Сорвав с себя суконную куртку, Кольша хлопал ею по Фаине, пытаясь сбить огонь. Фаина закричала от боли и побежала к большому железному баку с рыжей, отработанной водой. Неловко, боком повалилась в воду. Огонь зашипел и погас. Остро запахло паленой тканью.

Когда Фаину подняли из воды, она потеряла сознание.

Сбежались люди, помогли закрыть летку.

ГЛАВА ВТОРАЯ

В сказочно-белый марлевый шатер над желтоватой медицинской клеенкой попала Фаина из перевязочной. С нее сняли все, даже клочки одежды, прикипевшие к живому телу вместе с брызгами жидкого чугуна. Руки и ноги Фаины подвесили на широкие ленты к раме шатра.

К вечеру собрался консилиум, пришли лучшие врачи города.
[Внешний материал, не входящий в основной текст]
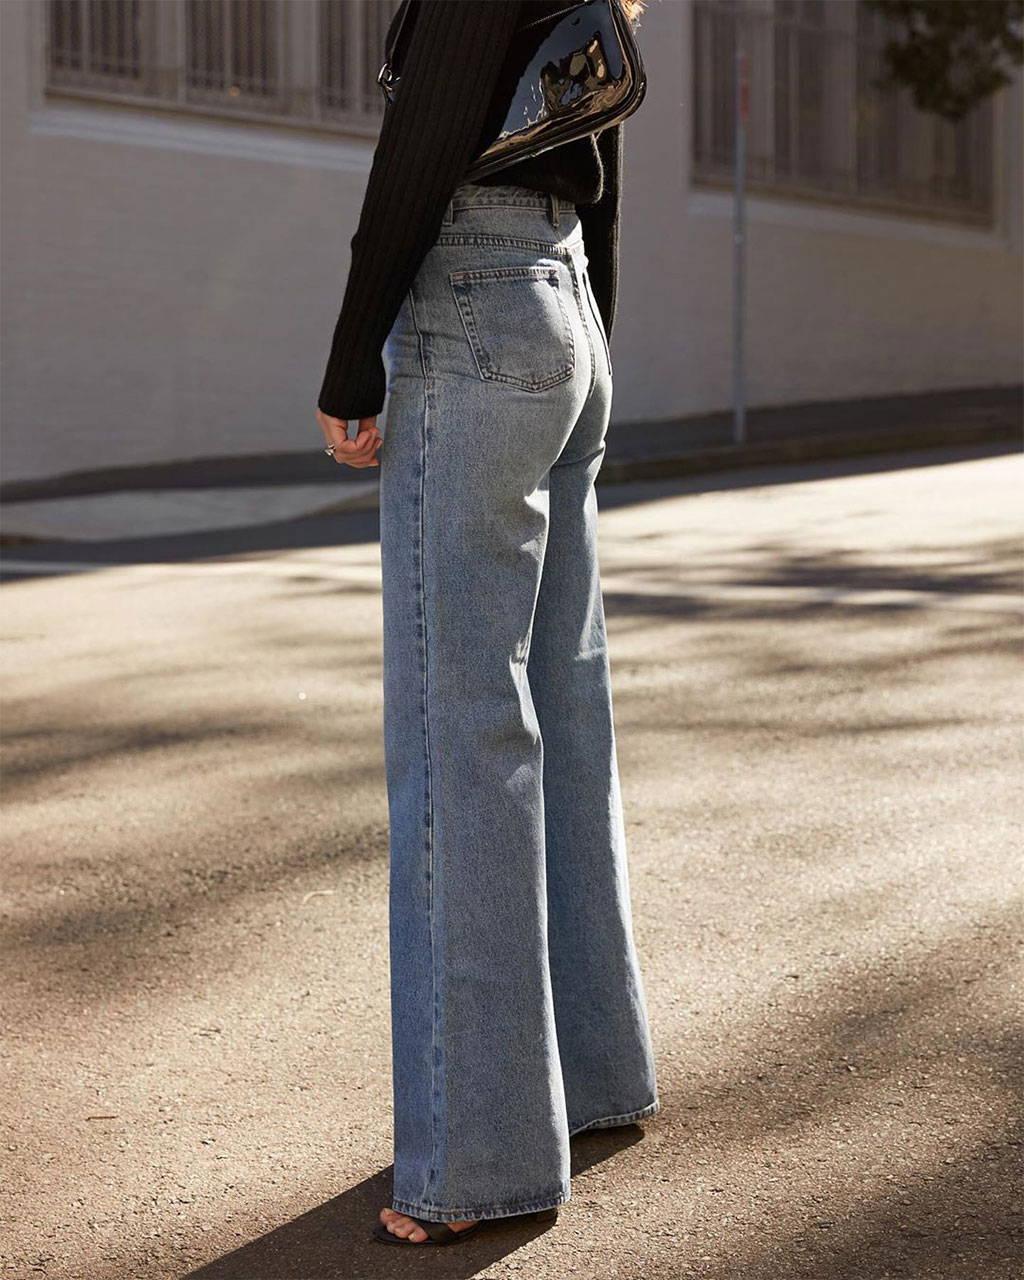 @harperandharley wearing Georgia Alice jeans.

Был здесь и Василий Георгиевич. Увидев Фаину в сплошных пятнах ожогов, он ощутил физическую и душевную боль. Вместе с тем он почувствовал, как все его существо как бы отгораживается от той, которая лежала сейчас под проволочным каркасом, обтянутым марлей, освещенная, как музейная редкость, десятками электрических лампочек. Трудно было поверить, что то, что лежало сейчас перед ним, было крепкой, стройной женщиной, с гибким станом, с упругой походкой, с неистребимой энергией и радостью жизни в голубых, со стальным отливом глазах.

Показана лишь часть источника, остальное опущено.